Temat na rozkminy :)
Od siebie pragnę dodać, że dziewczynka, którą Red widzi w swoim wspomnieniu ma długie, kręcone włosy i puszcza
bańki (nie, żeby to miało znaczenie). Jako, że Red kręconych włosów nie ma, Naomi zdaje się też nie, to nie sądzę, aby
oni byli jej rodzicami. Poza tym dziewczynka jest kilkuletnia, co dziwne.
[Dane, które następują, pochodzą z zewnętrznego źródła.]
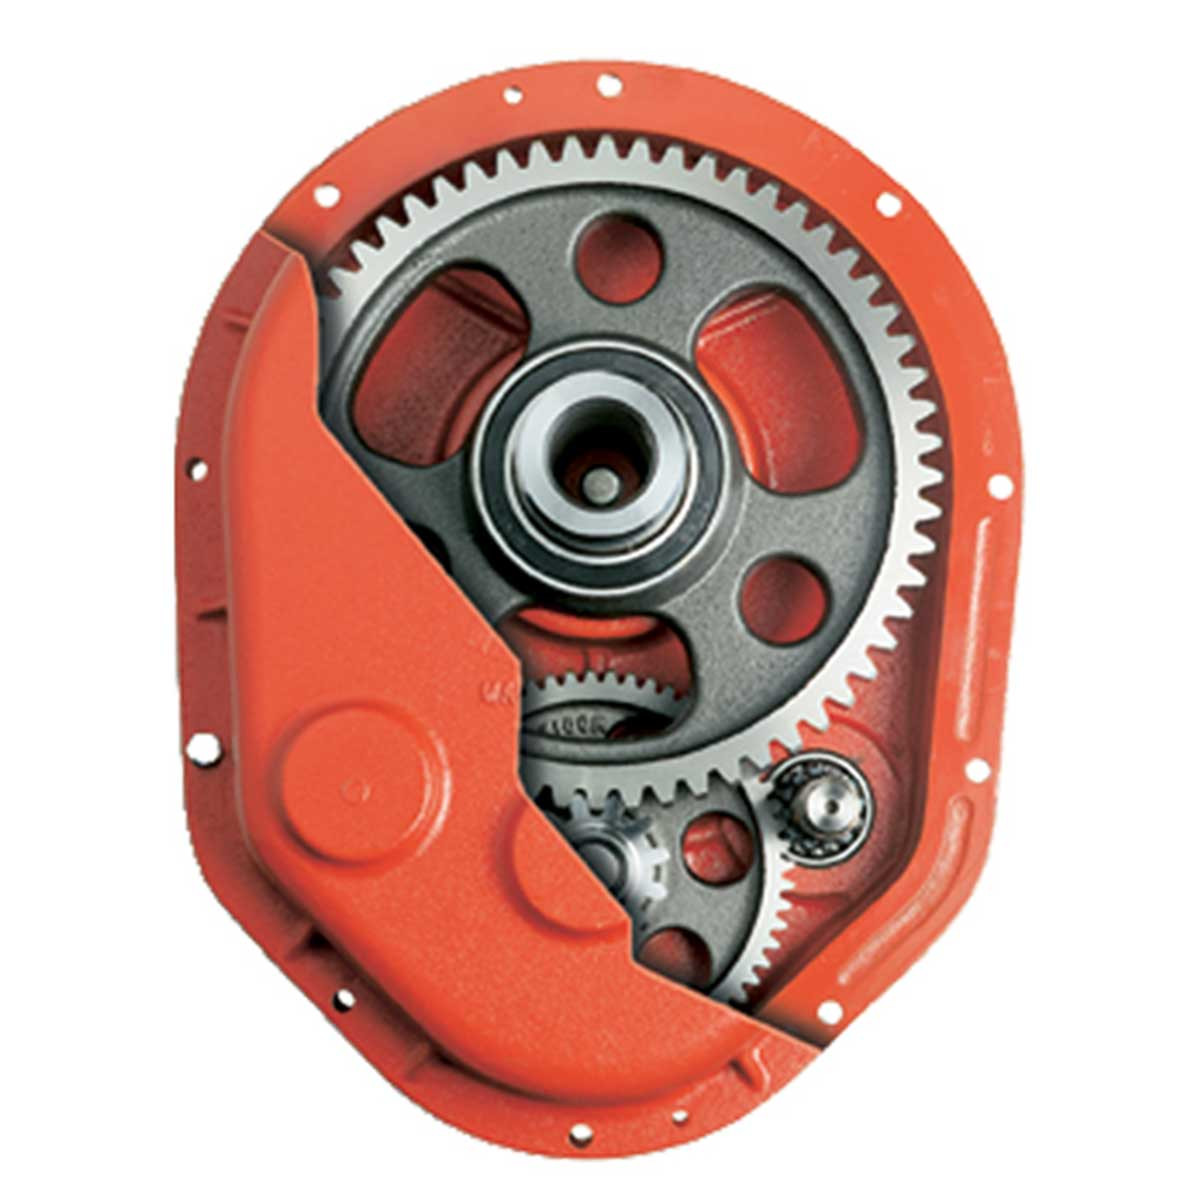 Crown Poly Drum Mixer gearbox

Odnośnie wieku Lizz i całej tej rozkminy:
http://kissthefuture.tumblr.com/post/103059381365/do-you-think-red-is-lizzies-fa ther
Tutaj po moim pytaniu (wybaczta mój angielski, który dawno nauczyciela nie widział):
http://kissthefuture.tumblr.com/post/85928712295/tell-me-one-thing-is-red-lizzs- father-or-not-im
Nie Liz na pewno nie jest córką Naomi. Jennifer jest córką Naomi. Liz co najwyzej może być córką Reda z inną kobietą.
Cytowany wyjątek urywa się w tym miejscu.